Wednesday, July 26, 2006

The Travel Experience as a Brand

The travel experience, especially via air, has some problems. I just traveled to Austin, Texas, and back on business. Here are some of the problems I incurred. Unfortunately they are not isolated, and they undermine the brand for travel as an experience.
  • Seat assignments were not as preferred, because it appears we booked too early?
  • The wait for a cab in Austin was interminable, not because there weren’t any cabs but because of the process of calling them up one at a time, while they moved at a "crawl," with a line of 20 or 30 people all standing in 100-degree heat.
  • I thought the unusual and less-than-aesthetically-pleasing entrance to Austin must have been a cabbie shortcut, but it wasn’t much better on the return. Durham is worried about wayfinding, but we’re not alone.
  • Upon arrival at the hotel with a very courteous cabbie, we learned he didn’t take credit cards. We came up with cash and asked for a receipt but learned later it was blank… this is a loophole for fraud.
  • During the commotion, the bell staff had unloaded the trunk and immediately called me over to the stand. After the cab had left, I learned they had not unloaded a shoulder pack with my keys, my electronics and charger cables, etc. Fortunately, it occurred to me that it was missing right after checkin.
  • The first person I tried to explain it to at the bell stand was too busy to focus. We called the cab company and got nothing but a rude reaction from several dispatchers, all of whom explained that the company didn’t know which cabs were out on service and not all of them (and none of the ones serving the airport) had radios.
  • Finally one of the bell staff who had made the mistake took up our plea and went down to check the security tapes, only to find they didn’t capture either the cab number or whether the missing piece had or had not been unloaded.
  • The good news is that two and a half hours later, the cab returned, and the driver returned my pack. Good guy, and I was sure to commend him to the dispatch company and the security and bell staff at the hotel.
  • On the way out, the airport HVAC wasn’t working well in Austin.
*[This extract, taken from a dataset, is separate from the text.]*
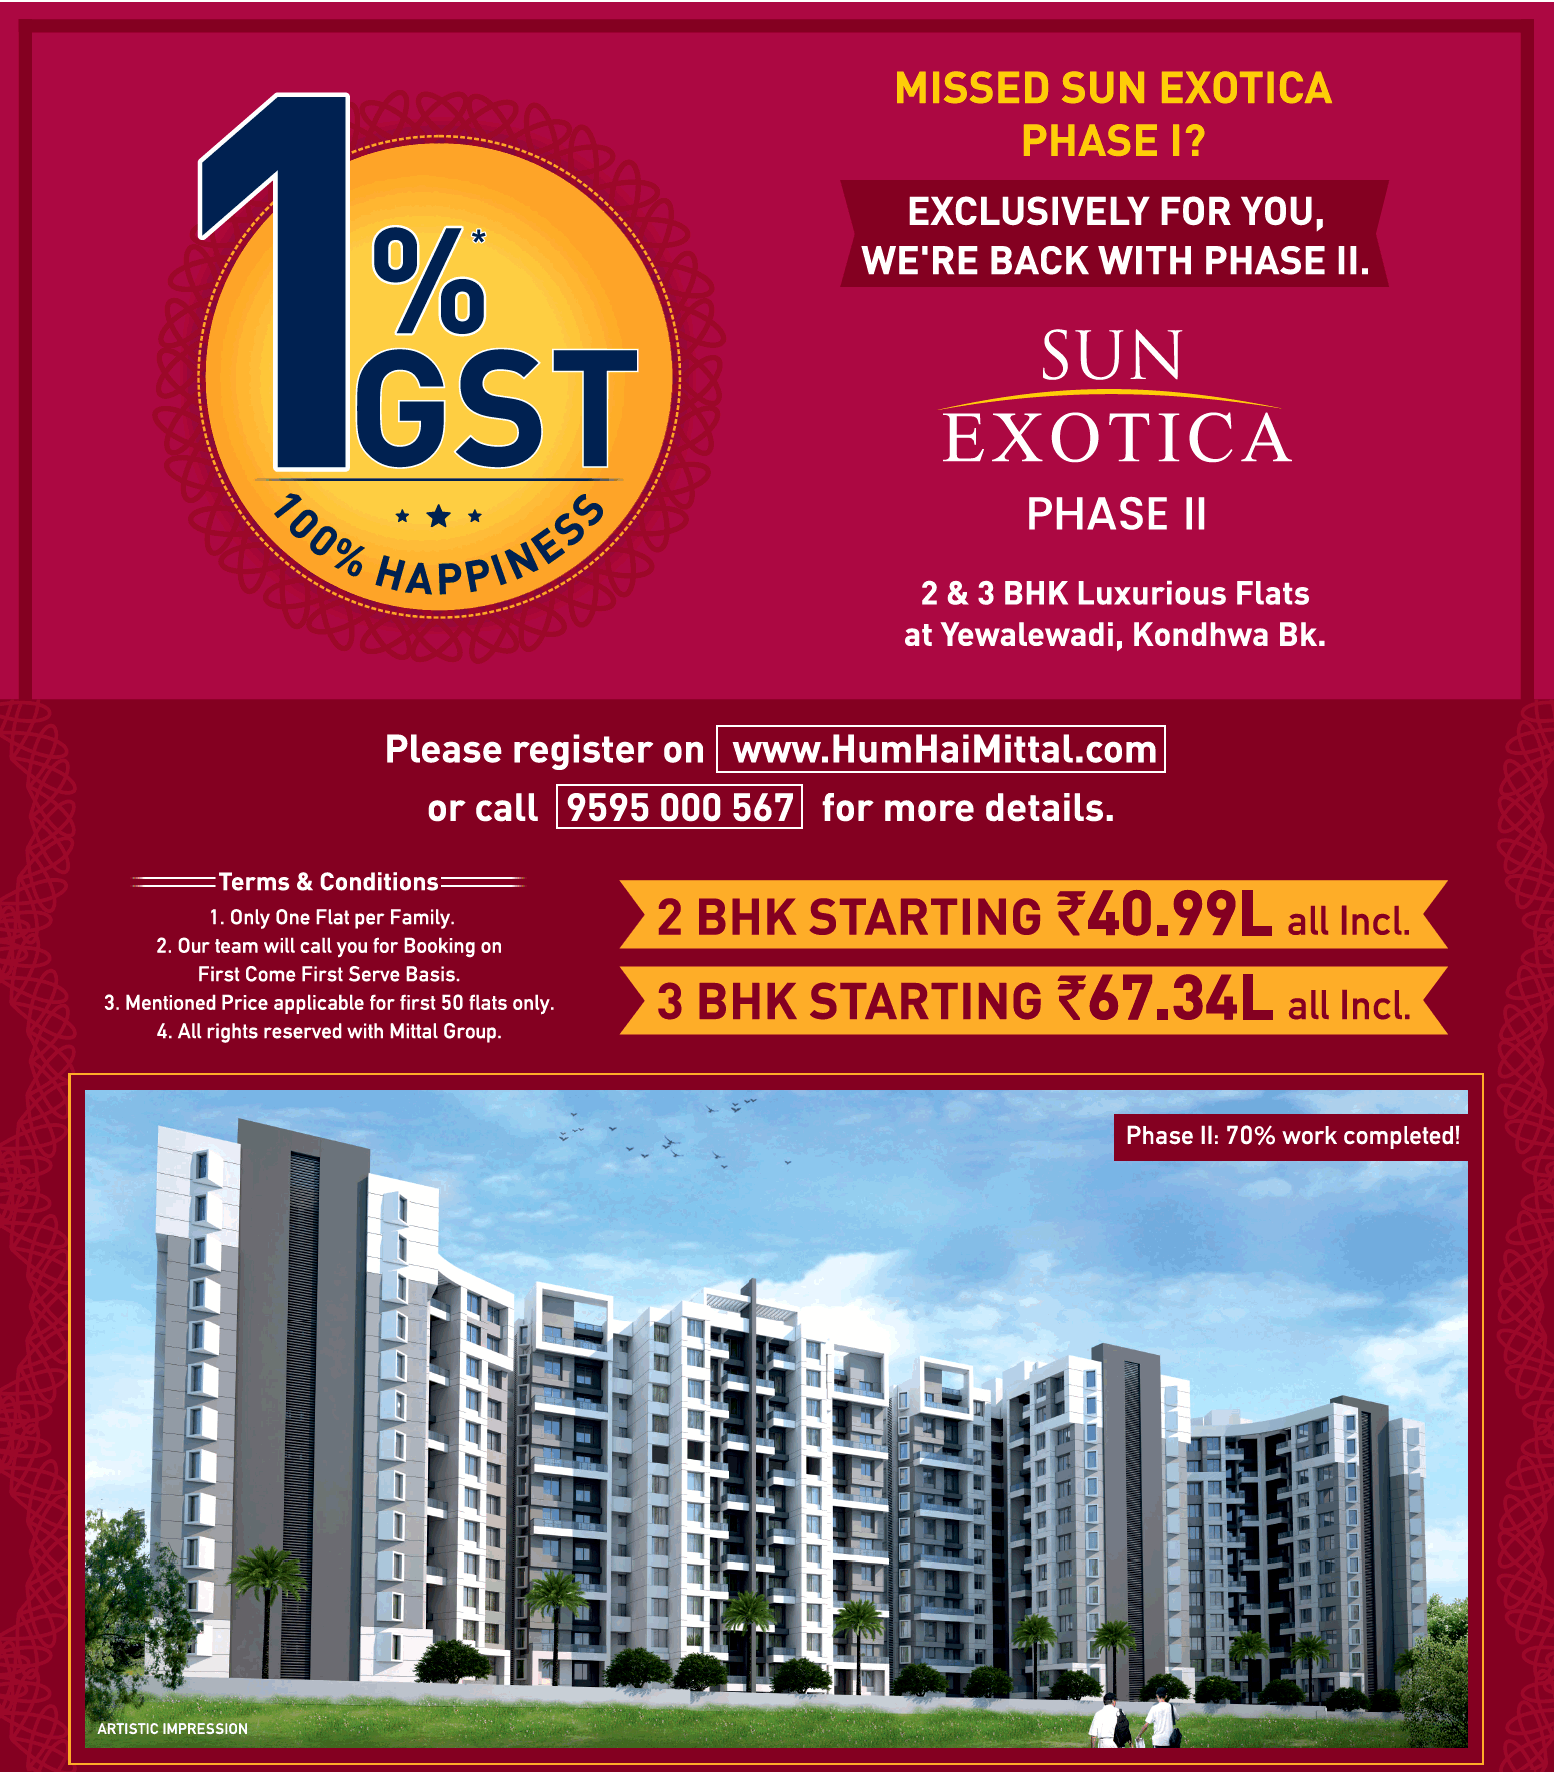 Pay just 1% GST at Mittal Sun Exotica Phase 2 in Pune

We were able to change our seat assignments at self-checkin but were not able to get seats at all in DFW for RDU. When we arrived in DFW, the terminal for departure was on the opposite side of the airport with only 15 minutes to make the trip.
  • We got there on time… got a person to switch so the seats worked… but then sat on the tarmac in a sweltering plane for two and a half hours while a mechanic worked on the hatches in the rear.
A lot went right on this trip. Austin has done a lot to rejuvenate its downtown without making it generic and fueling a very active street music scene with good restaurants, etc. The conference was exceptional. The hotel was outstanding.

But we need to do a lot to improve overall travel experience.